In the current NumPy source, this is what the definition of the four basic arithmetic operations looks like for float16 scalar operations.
#define half_ctype_add(a, b, outp) *(outp) = \
npy_float_to_half(npy_half_to_float(a) + npy_half_to_float(b))
#define half_ctype_subtract(a, b, outp) *(outp) = \
npy_float_to_half(npy_half_to_float(a) - npy_half_to_float(b))
#define half_ctype_multiply(a, b, outp) *(outp) = \
npy_float_to_half(npy_half_to_float(a) * npy_half_to_float(b))
#define half_ctype_divide(a, b, outp) *(outp) = \
npy_float_to_half(npy_half_to_float(a) / npy_half_to_float(b))
The code above is taken from scalarmath.c.src in the NumPy source. You can also take a look at loops.c.src for the corresponding code for array ufuncs. The supporting npy_half_to_float and npy_float_to_half functions are defined in halffloat.c, along with various other support functions for the float16 type.
For the second question: no, there's no float8 type in NumPy. float16 is a standardized type (described in the IEEE 754 standard), that's already in wide use in some contexts (notably GPUs). There's no IEEE 754 float8 type, and there doesn't appear to be an obvious candidate for a "standard" float8 type. I'd also guess that there just hasn't been that much demand for float8 support in NumPy.
This answer builds on the float8 aspect of the question. The accepted answer covers the rest pretty well.One of the main reasons there isn't a widely accepted float8 type, other than a lack of standard is that its not very useful practically.
Primer on Floating Point
In standard notation, a float[n] data type is stored using n bits in memory. That means that at most only 2^n unique values can be represented. In IEEE 754, a handful of these possible values, like nan, aren't even numbers as such. That means all floating point representations (even if you go float256) have gaps in the set of rational numbers that they are able to represent and they round to the nearest value if you try to get a representation for a number in this gap. Generally the higher the n, the smaller these gaps are.

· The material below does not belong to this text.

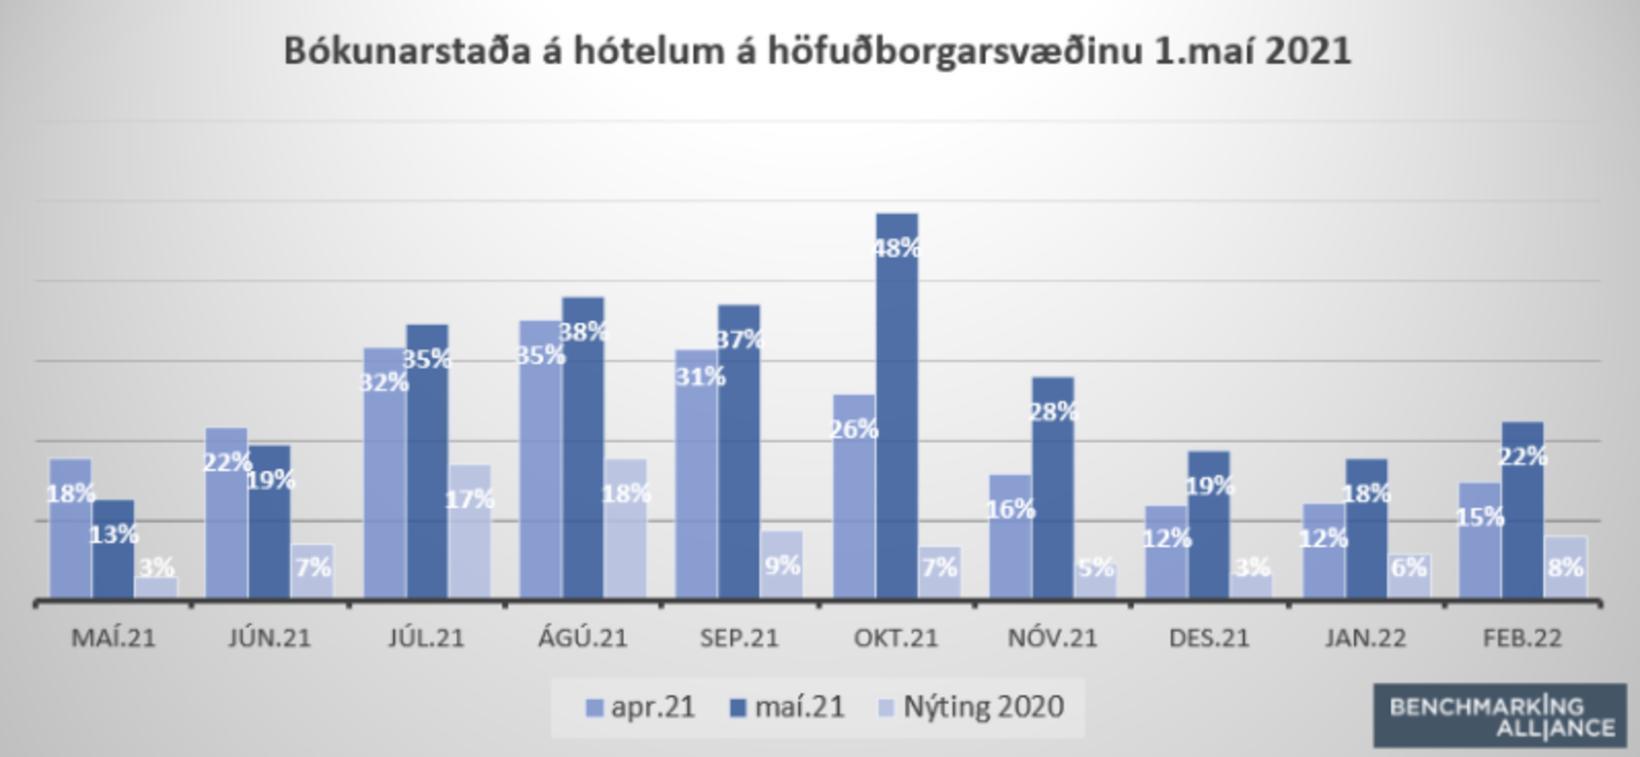 Munur á bókunarstöðu mánaða í apríl og maí.

You can see the gap in action if you use the struct package to get the binary representation of some float32 numbers. Its a bit startling to run into at first but there's a gap of 32 just in the integer space:
import struct
billion_as_float32 = struct.pack('f', 1000000000 + i)
for i in range(32):
billion_as_float32 == struct.pack('f', 1000000001 + i) // True
Generally, floating point is best at tracking only the most significant bits so that if your numbers have the same scale, the important differences are preserved. Floating point standards generally differ only in the way they distribute the available bits between a base and an exponent. For instance, IEEE 754 float32 uses 24 bits for the base and 8 bits for the exponent.
Back to float8
By the above logic, a float8 value can only ever take on 256 distinct values, no matter how clever you are in splitting the bits between base and exponent. Unless you're keen on it rounding numbers to one of 256 arbitrary numbers clustered near zero its probably more efficient to just track the 256 possibilities in a int8.
For instance, if you wanted to track a very small range with coarse precision you could divide the range you wanted into 256 points and then store which of the 256 points your number was closest to. If you wanted to get really fancy you could have a non-linear distribution of values either clustered at the centre or at the edges depending on what mattered most to you.
The likelihood of anyone else (or even yourself later on) needing this exact scheme is extremely small and most of the time the extra byte or 3 you pay as a penalty for using float16 or float32 instead is too small to make a meaningful difference. Hence...almost no one bothers to write up a float8 implementation.